AVAILABLE RECORDS:

________________________

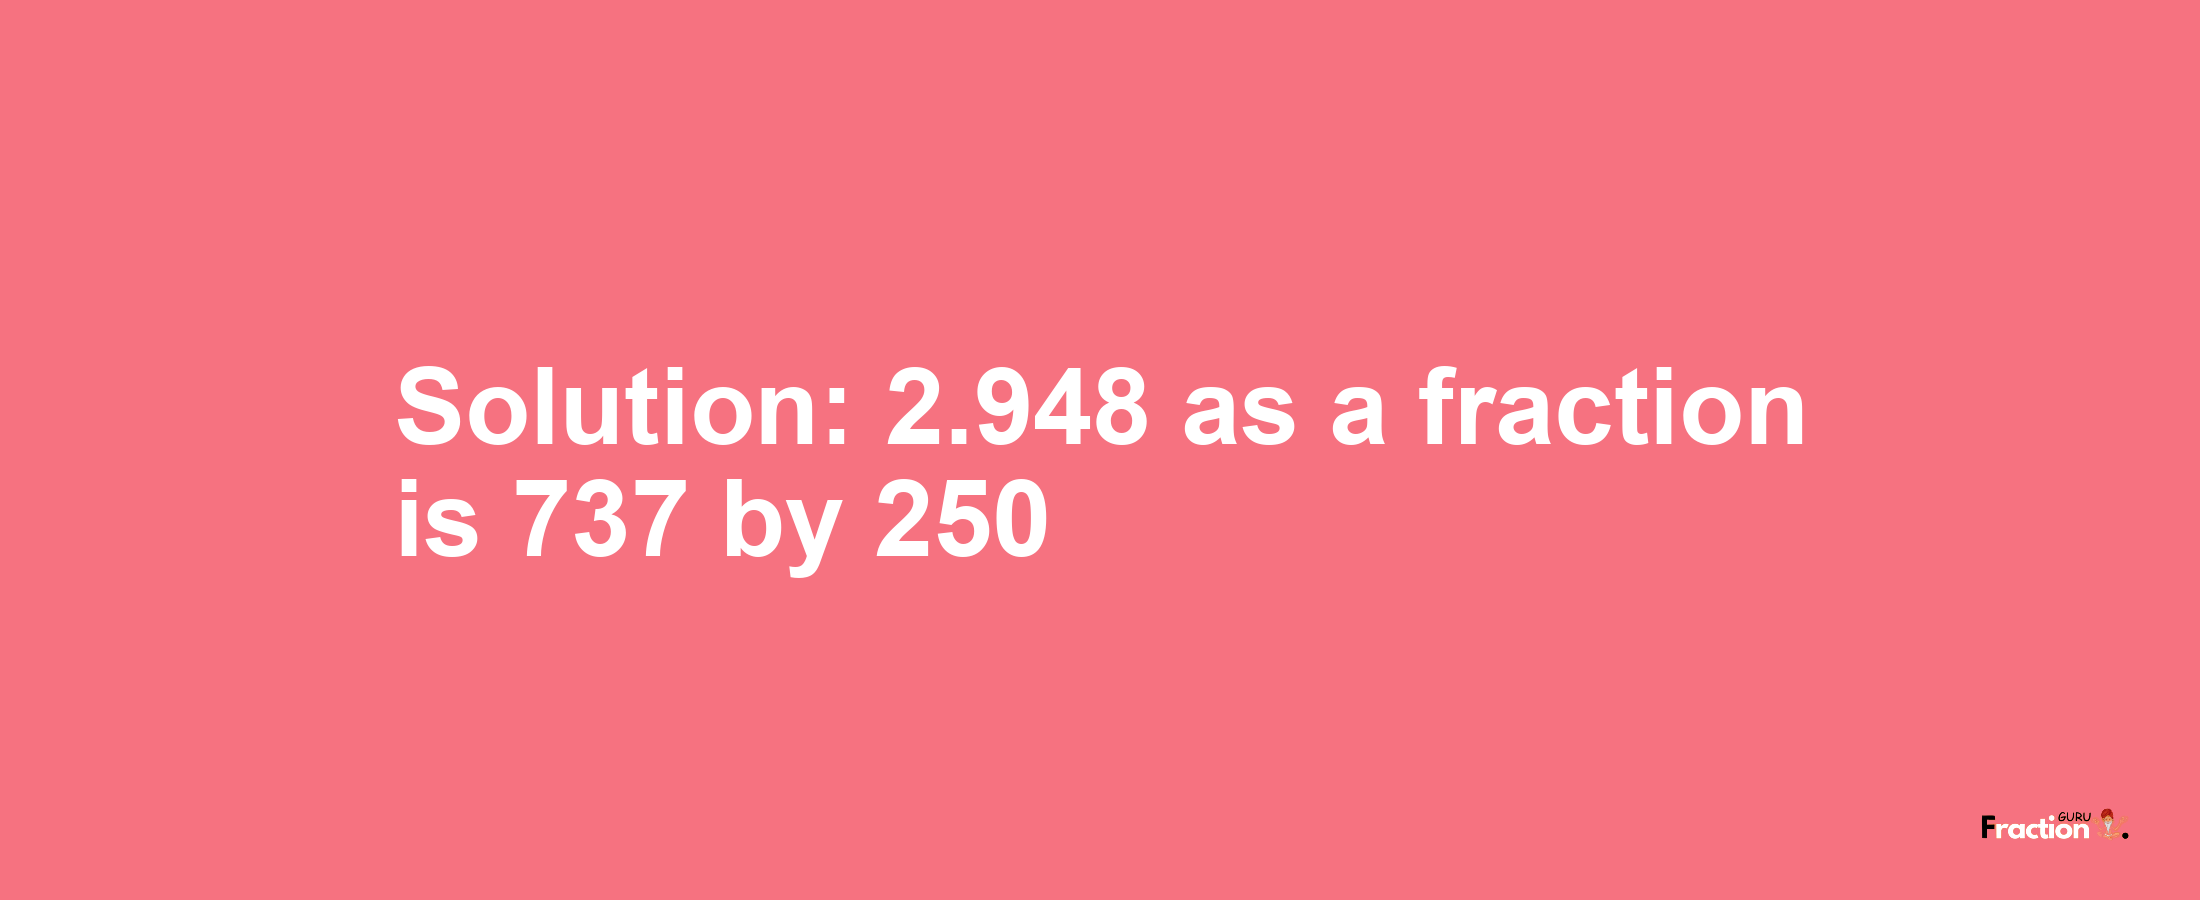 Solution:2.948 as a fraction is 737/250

________________________

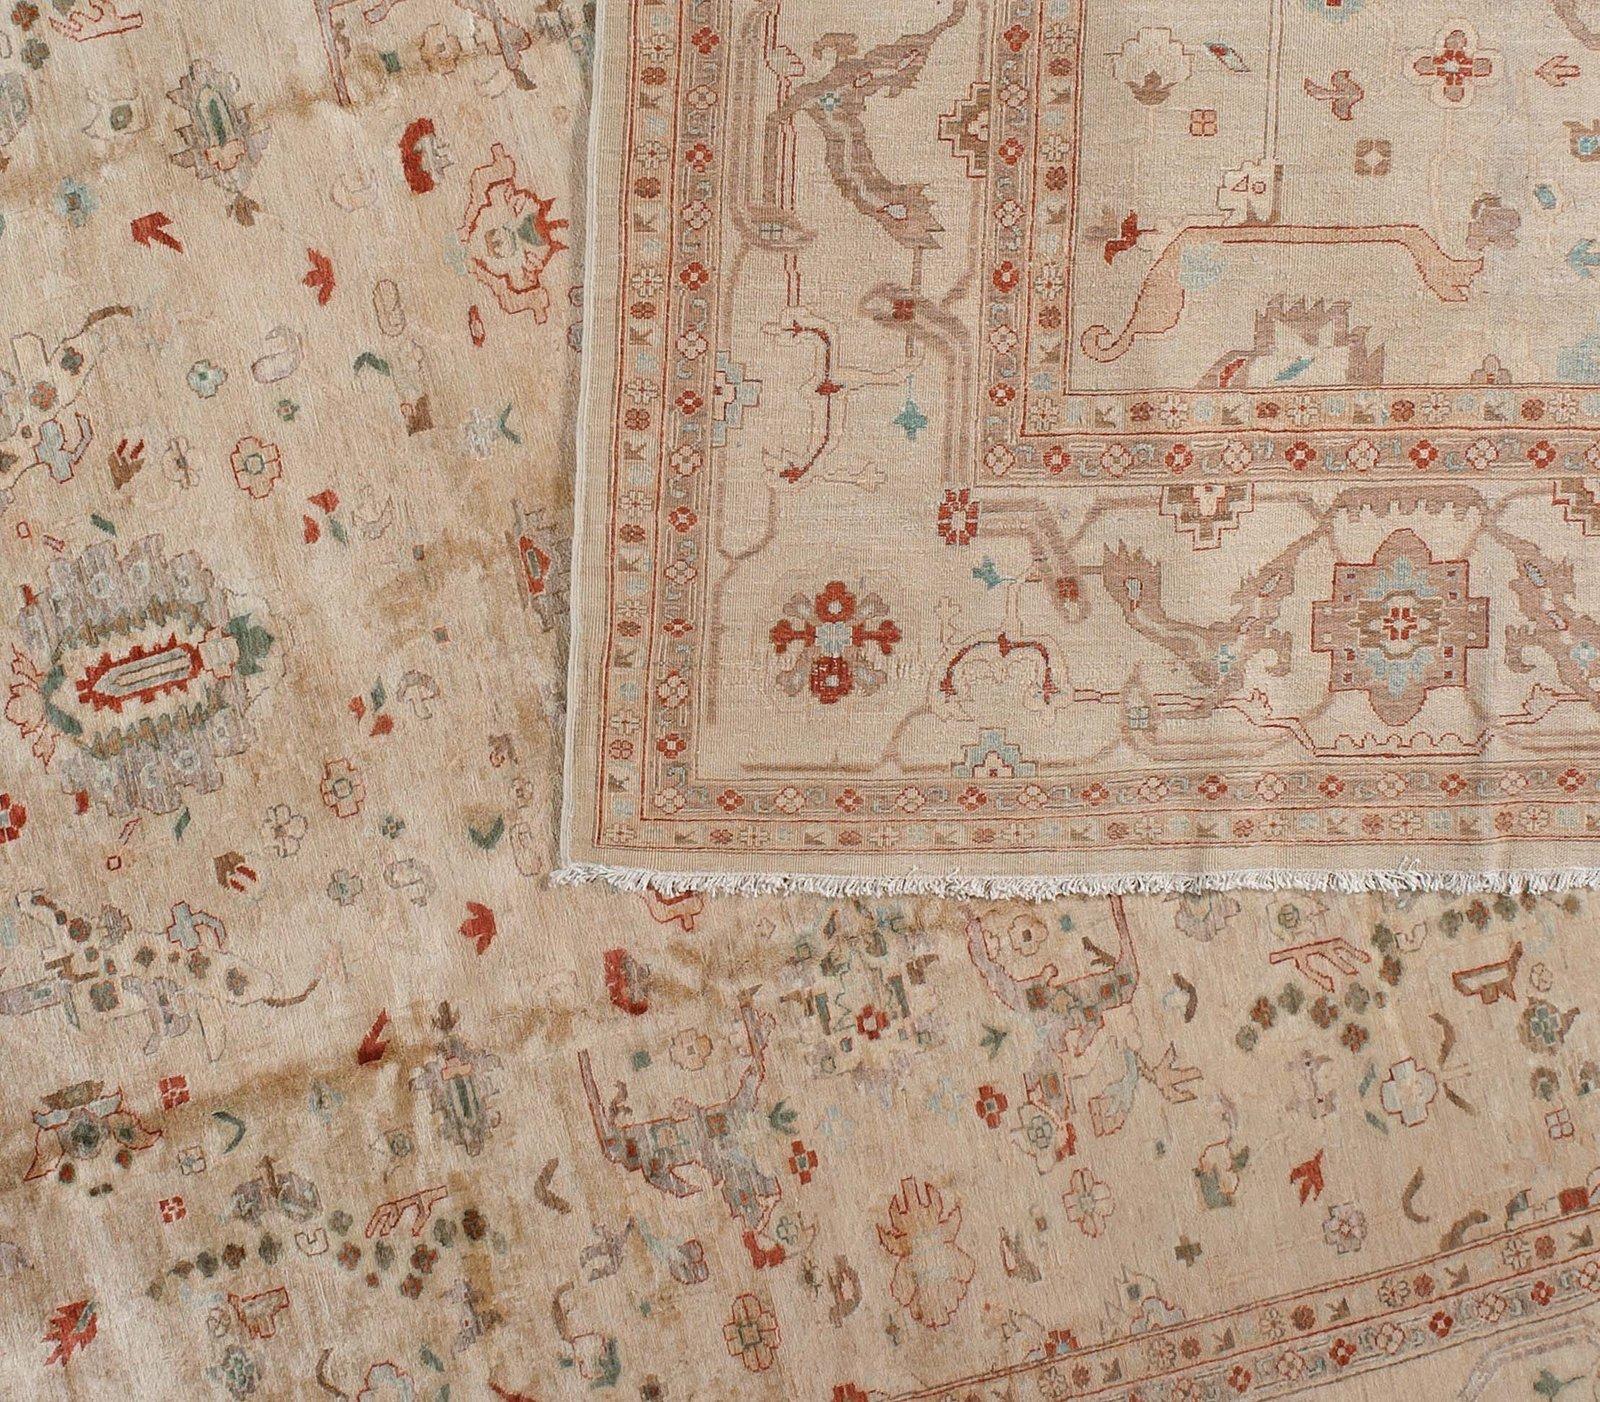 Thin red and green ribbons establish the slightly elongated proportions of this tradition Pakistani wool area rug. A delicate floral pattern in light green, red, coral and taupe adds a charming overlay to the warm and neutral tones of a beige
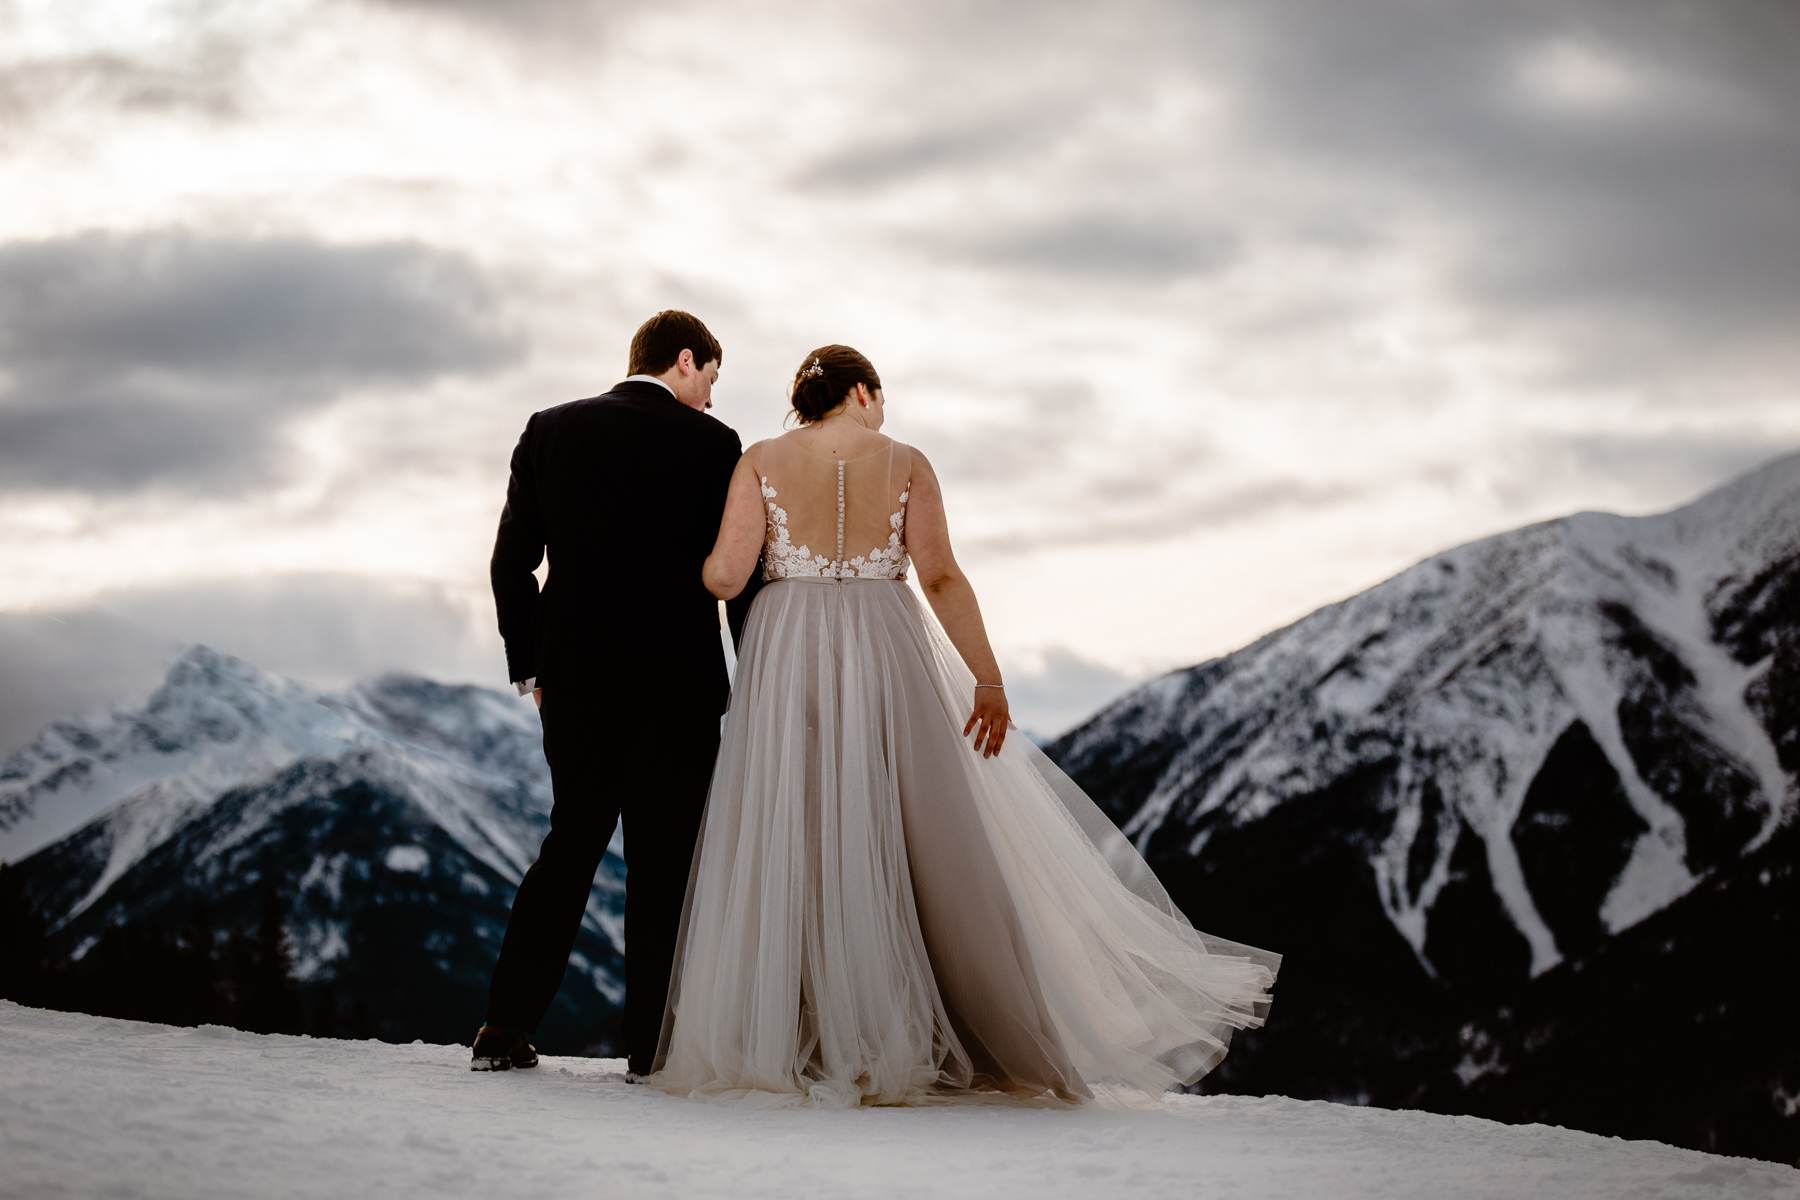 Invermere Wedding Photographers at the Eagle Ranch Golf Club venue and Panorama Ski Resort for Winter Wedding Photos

________________________

Given the entries above, transcribe exactly the lines from the one holding "Thin red and" through the one holding "Invermere Wedding Photographers"; pictures do not belong in the transcription.

SOLUTION FOR THIS TASK:
 Thin red and green ribbons establish the slightly elongated proportions of this tradition Pakistani wool area rug. A delicate floral pattern in light green, red, coral and taupe adds a charming overlay to the warm and neutral tones of a beige
 Invermere Wedding Photographers at the Eagle Ranch Golf Club venue and Panorama Ski Resort for Winter Wedding Photos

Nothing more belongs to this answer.